5. Add K-means clustering if you have rich feature data. This is most valuable when you have data beyond just transaction history — product categories, geographies, industry verticals, support history.

6. Build the health score. This is the operational output that your sales team actually uses day to day.

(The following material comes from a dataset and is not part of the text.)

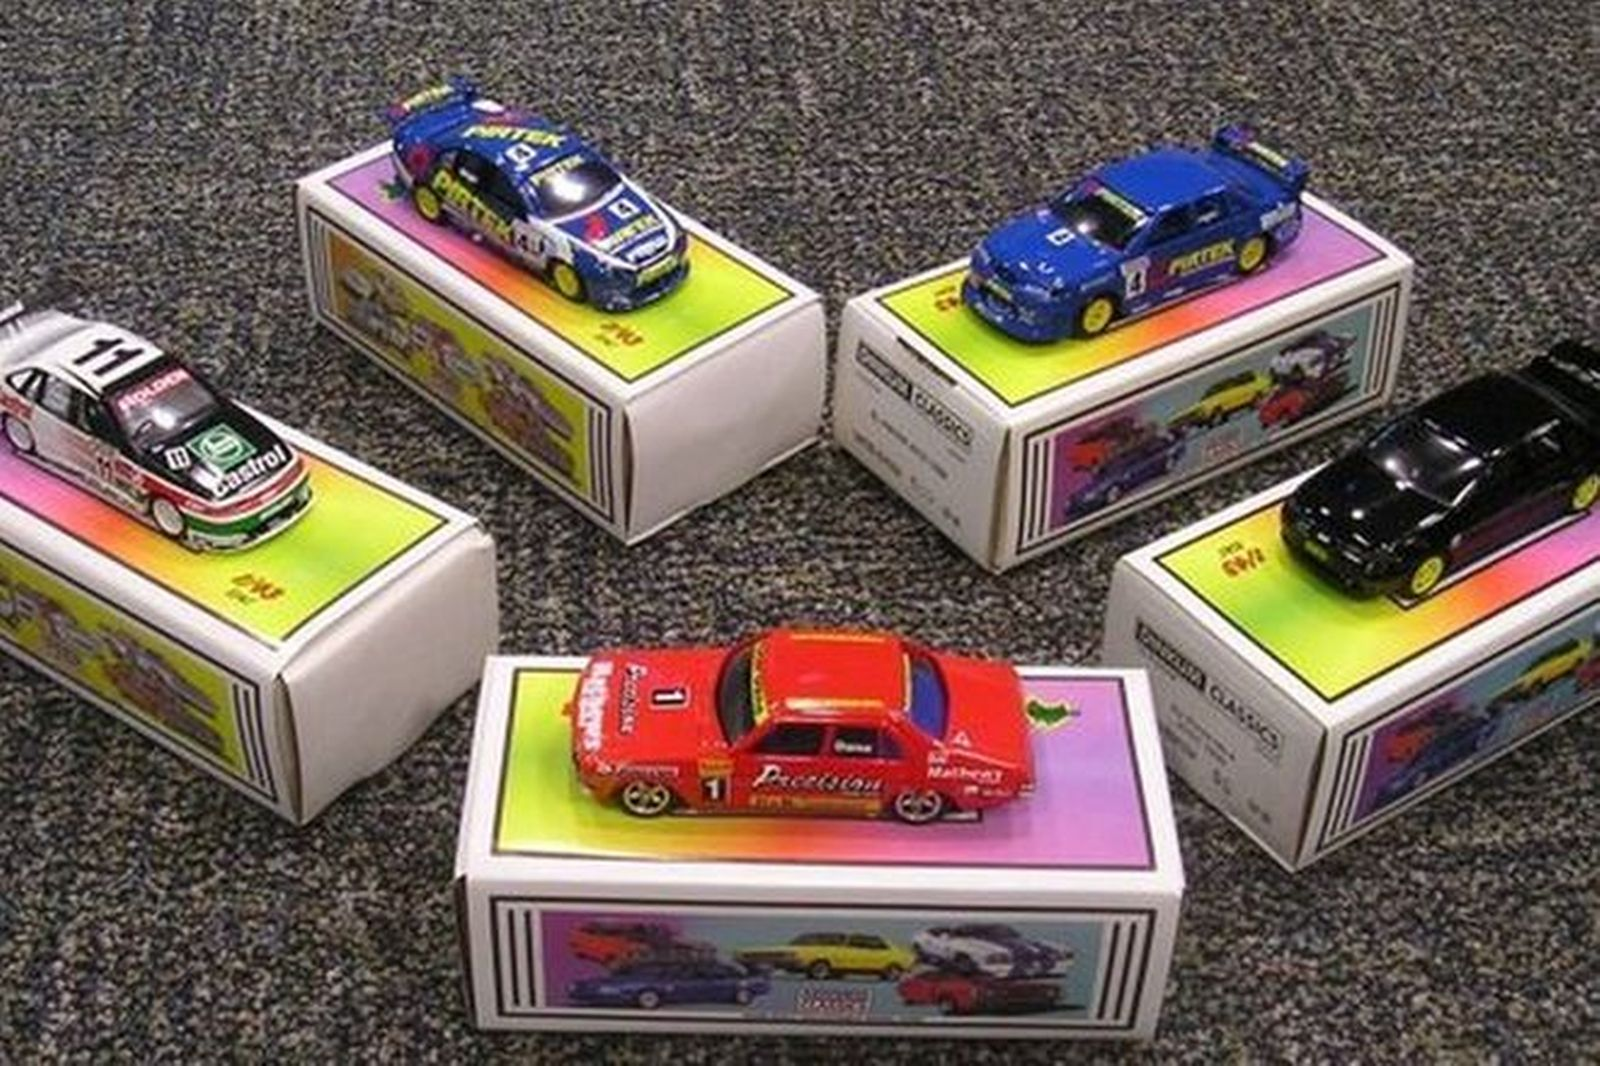 Model Cars - 4 x Dinkum Classics  - 'Richards' Mustang, 'Brown's' XYGT, 'Perkins' VC, Bright/Richard

7. Set up monitoring. Customer analytics is not a one-time exercise. Run it monthly. Alert on customers who cross from "Healthy" to "At Risk" this month. Flag any "At Risk" customer who was a top-20% customer six months ago.

Chapter Summary

Customer analytics is the discipline of understanding who your customers are, how they behave, and which relationships deserve the most attention. The core tools in this chapter — CLV, RFM analysis, cohort analysis, K-means clustering, and health scoring — each illuminate a different facet of your customer relationships:

• CLV tells you what each customer is worth over their lifetime
• RFM tells you where each customer stands right now on three behavioral dimensions
• Cohort analysis tells you whether your customer relationships are getting stronger or weaker over time
• K-means clustering discovers natural behavioral groupings without imposing your assumptions
• Churn indicators give you early warning before a valuable relationship ends
• Health scoring translates all of the above into a single actionable number

The most important thing to understand is that these tools are only valuable when they connect to business action. An "At Risk" segment that nobody follows up on is just a label. A cohort retention chart that nobody reads is just a pretty picture. Build the analysis, build the workflow, and make sure someone owns the action.